День прошел этот; я звоню «домой», то есть «к бабушке», — ее нет; неспокоен я; при ее-то прошлом; да и без того, и в целом я — не спокоен; звоню — «нет — нет дома»; спросить — не спросишь: вероятно, она скрывает, да и как спросишь; я, знаешь, не из этих, что вечно без предрассудков; я, знаешь, иногда церемонный человек. Я не XX век. Вся моя жизнь шла бы иначе, будь я… ну ладно. Звоню; нет… нет. Вдруг звоню — сестра — «Сейчас». Эдак глухо. Или не глухо? Может, сестра ничего не ведала? Ныне и это допускаю. Но ладно. Пауза, как говориться. Берет — она:

— Я-а-а слу-у-ушаю.

Это ее обычное. Но голос не тот… тон не тот. А какой? Ну, ладно. Я:

— Ну, что?

Молчание.

И вот:

— Что — что?! Все в порядке — что. И к чему звонить? О чем спрашивать?
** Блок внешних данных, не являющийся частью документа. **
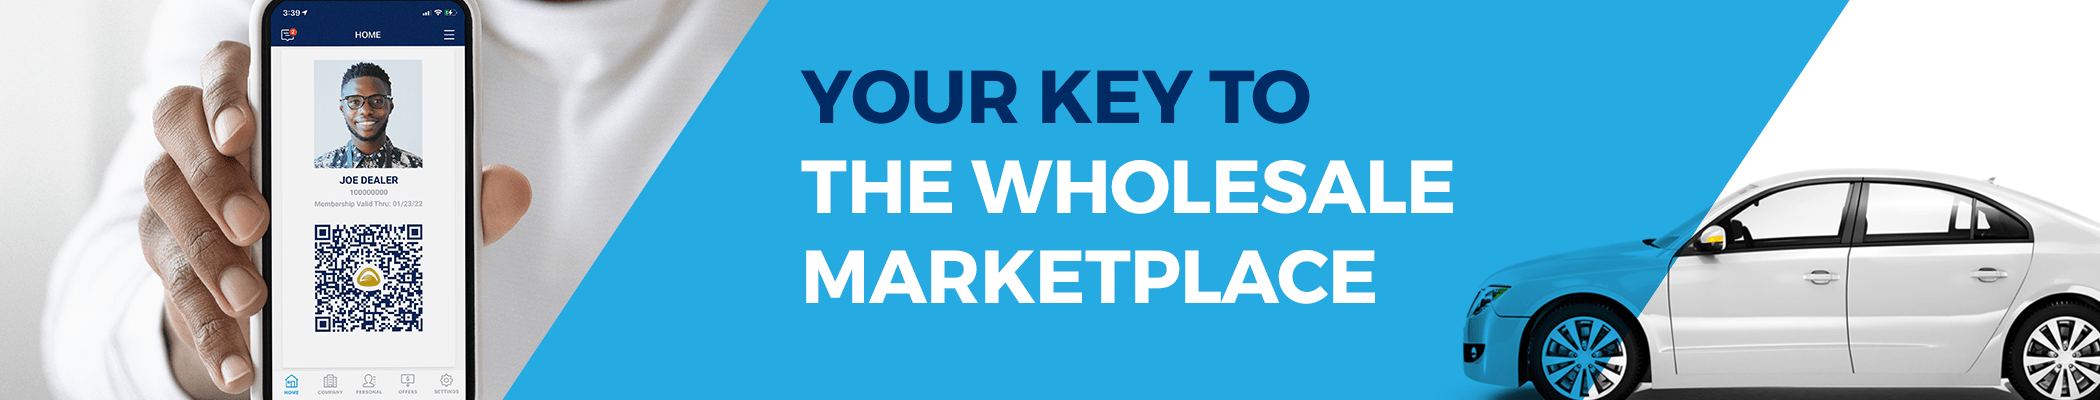 Your Key to the Wholesale Marketplace

Обычная моя «реакция» на крутую, особенно — «бабью» атаку колыхнулась во мне; но я сдержался и отвечал, как папаша:

— Что это ты… все же, так уж?

— А чего звонить?! Ну, чего звонить? Когда надо, я сама позвоню.

— До свиданья.

Лишь еле-еле заметная пауза; но в ней выразилось…

Все же она ждала звонка?

Так ли?

— До свиданья.

Кстати обычно, когда я прощался первый, она, будто перебивая меня, говорила «до свидания» тотчас же, как только я начинал это говорить: всплеск свободы…

А тут…

Мы положили трубки.

Я подумал, откинувшись.

В сущности, меня и взбодрил ее этот тон; в нем вышло в явь естественно-женское, традиционно-человеческое…

Вышло в явь понятное нечто.


Он остановился; глаза, в свете от моря, были светлы; мелкие, зыбкие тени листьев ходили по нему, весь он, со своим смуглым лицом, резко, тонко горбатым носом, в светлой рубахе, картинно рисовался на фоне лбистого серо-белого камня, к которому он вольготно привалился, согнув ногу в джинсе; камень, видимо, был теплый под солнцем — он невольно нежился.

Он молчал.

— Тут оно и пошло на спад? — спросил я, чтобы поддержать дело.